Training: VSaaS Hosted/Managed BasicsAuthor: John Honovich, Published on Aug 21, 2010
This hour long training explains the basics behind Video Surveillance as a Service (VSaaS). If you want to learn about the most talked about emerging trend in the industry, this is an ideal place to start.
VSaaS eases deployment and use of video surveillance to residential and small business users. However, the market is early with so many different providers and even numerous different architectures.
In this training, we explain:
- The key terminology and issues behind Video Surveillance as a Service including the 'cloud', services, managed video, hosted video, port forwarding, UPnP, 'plug n play' and more
- The 4 most common architectures: (1) live only, (2) storage on-board cameras, (3) storage in on-site appliances and (4) storage in the cloud.

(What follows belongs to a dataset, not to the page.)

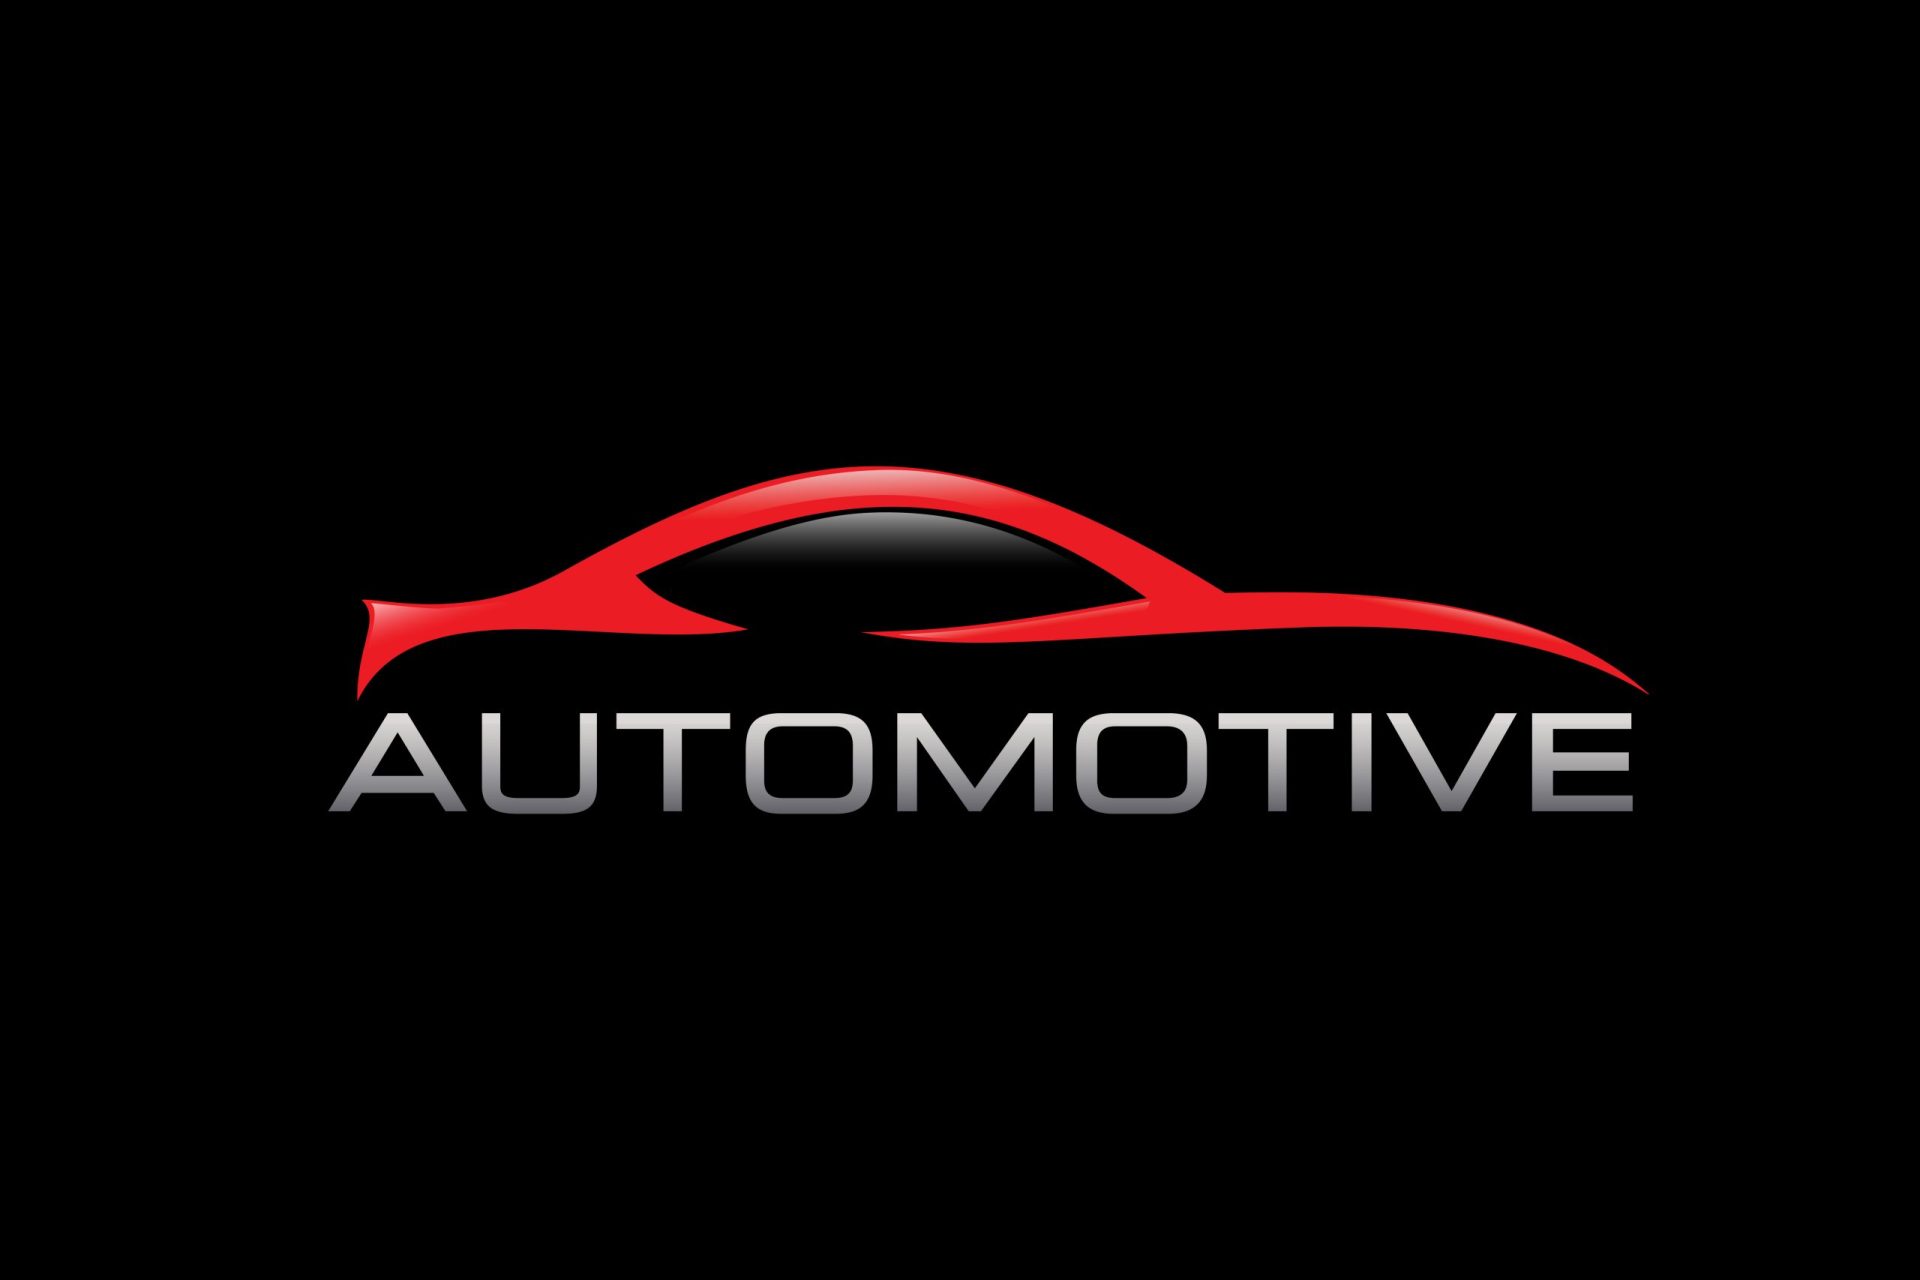 automotive logo ideas 1

We then examine the tradeoffs of each
- The differences between today's VMS software and the emerging VSaaS providers
- The different business models and the implications of varying 'go to market' strategies.

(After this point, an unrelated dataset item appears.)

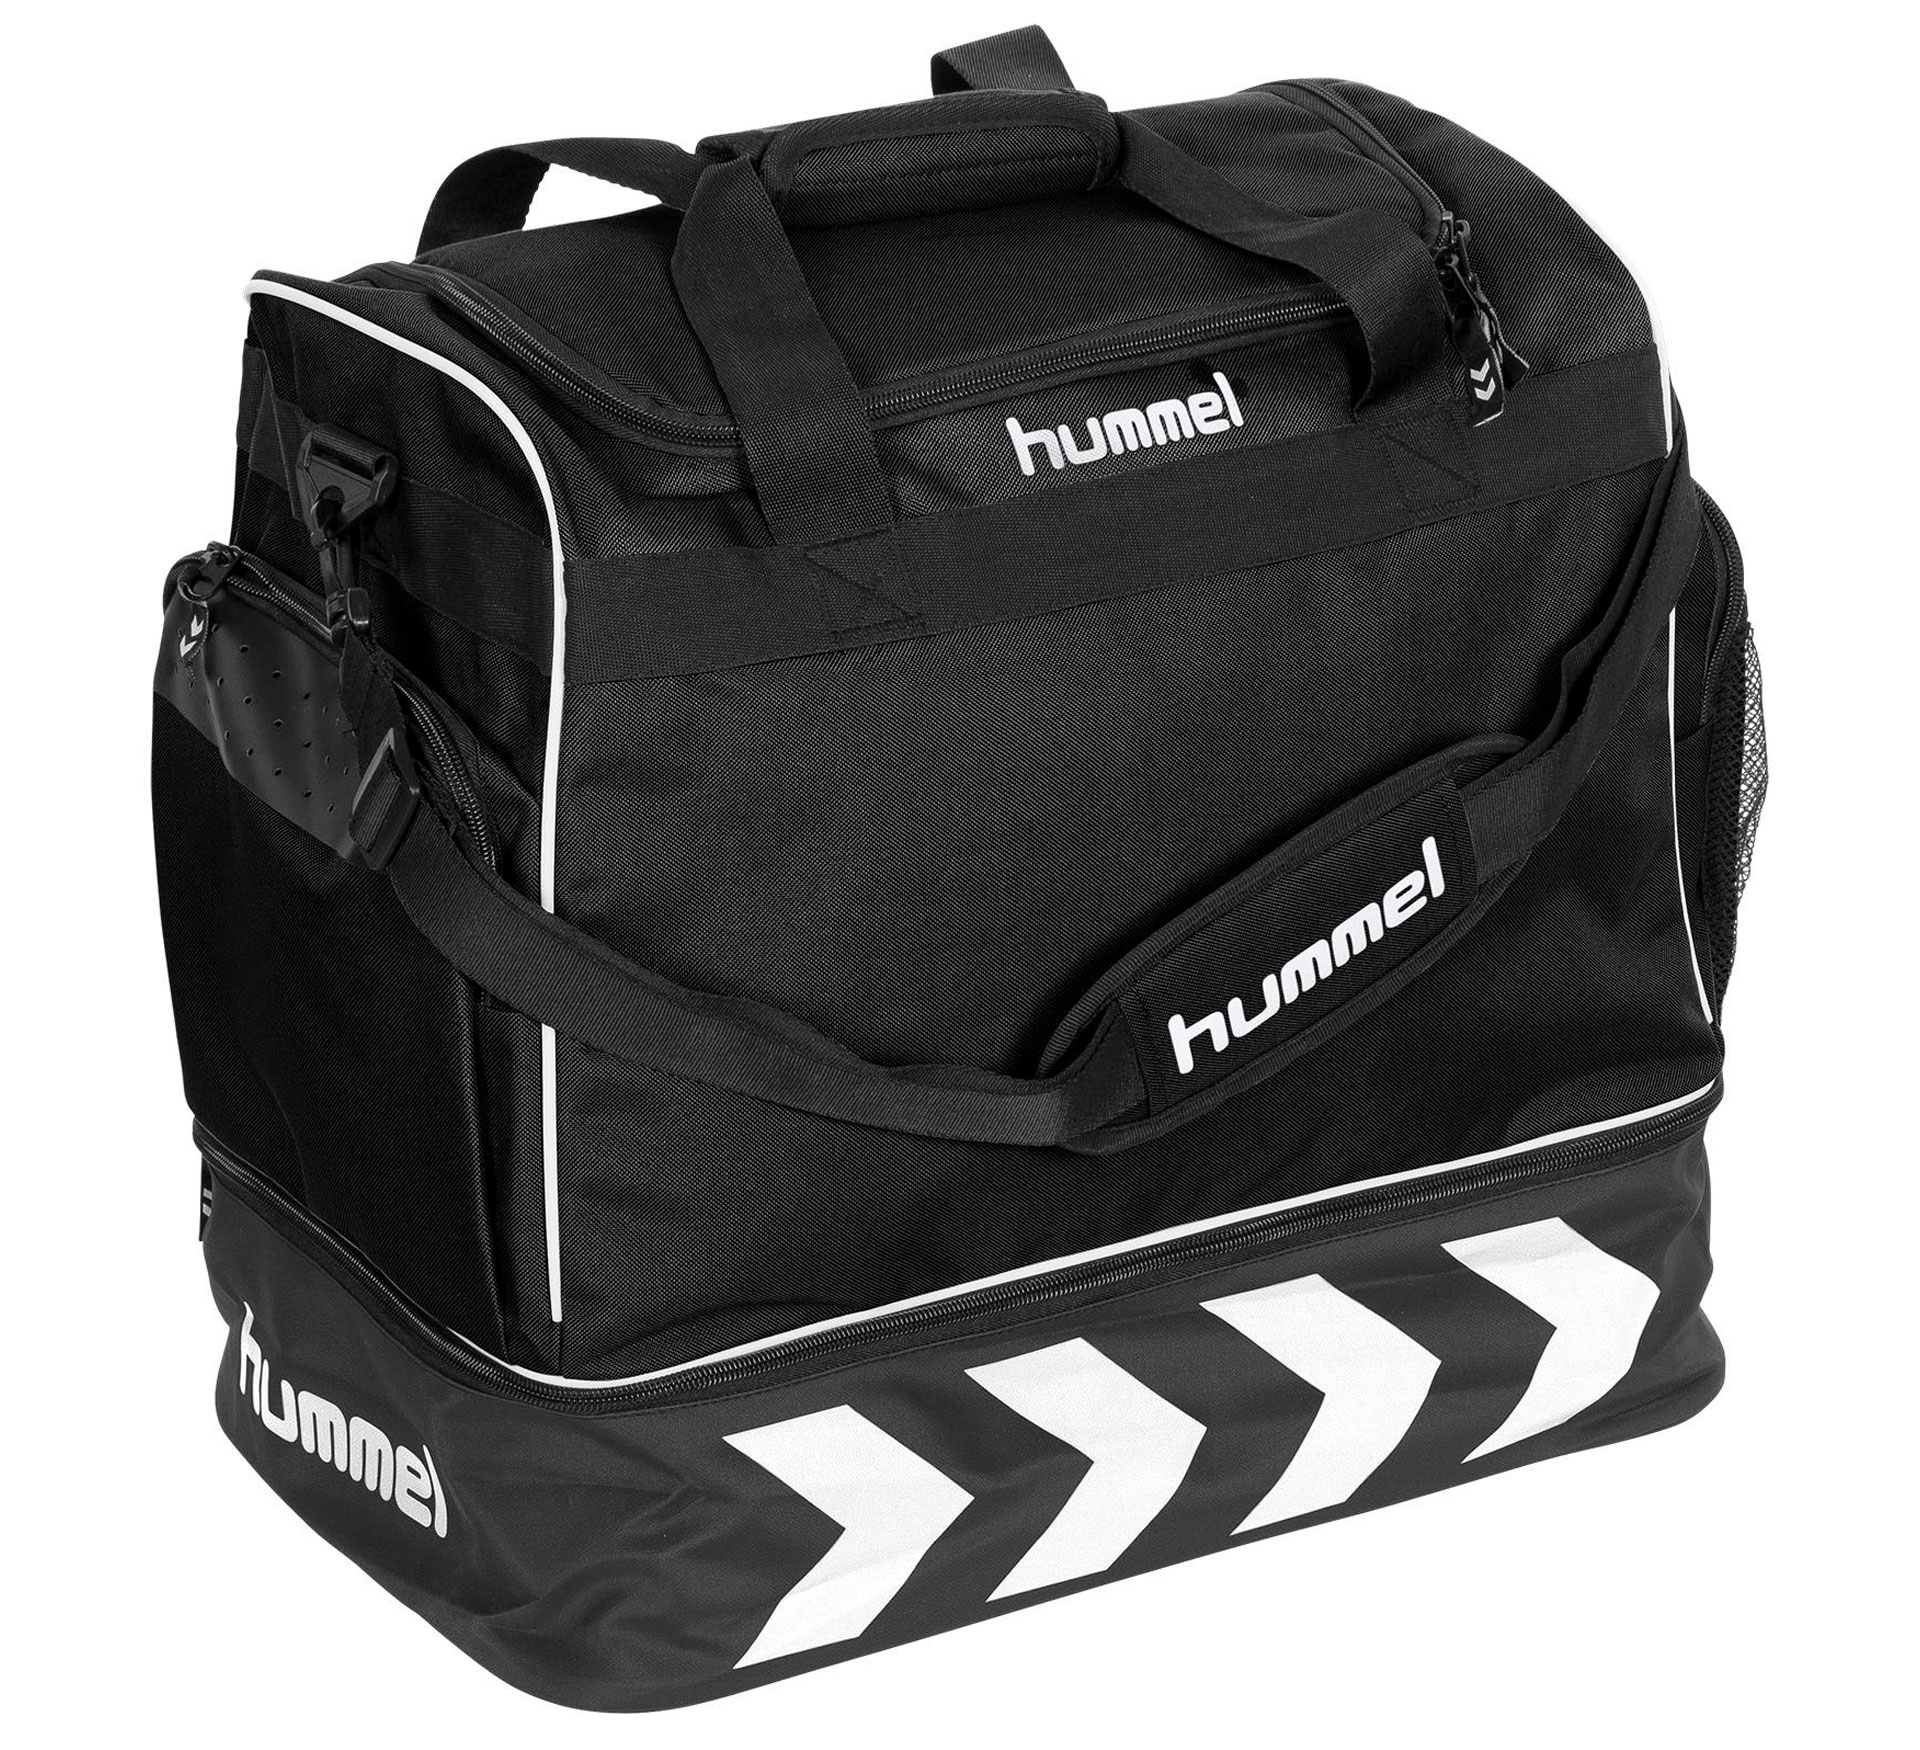 Le sac de sport Hummel Supreme Pro Bag

The introduction video below overviews our training:
This training is an introduction and pre-requisite to our VSaaS Comparison Guide explaining the approaches and differences of 22 VSaaS providers.
Understanding terminology is especially important for VSaaS is an emerging market and no standard terminology is practiced by providers.
VSaaS: We use VSaaS (Video Surveillance as a Service) as it contrasts traditional implementations requiring a server (DVR, NVR, etc.) .The concept of a service can be compared to Google's Gmail where no server is installed or managed at the end-user's facility. The service is dependent via the end-user's connection to the Cloud or the Internet which provides live monitoring and investigative functionality.
Cloud: The provider utilizes the Internet (cloud) to connect a user to their data that is hosted by the provider and their facilities. Potentially located in various geographical locations, the user's data is accessible anywhere with an Internet connection.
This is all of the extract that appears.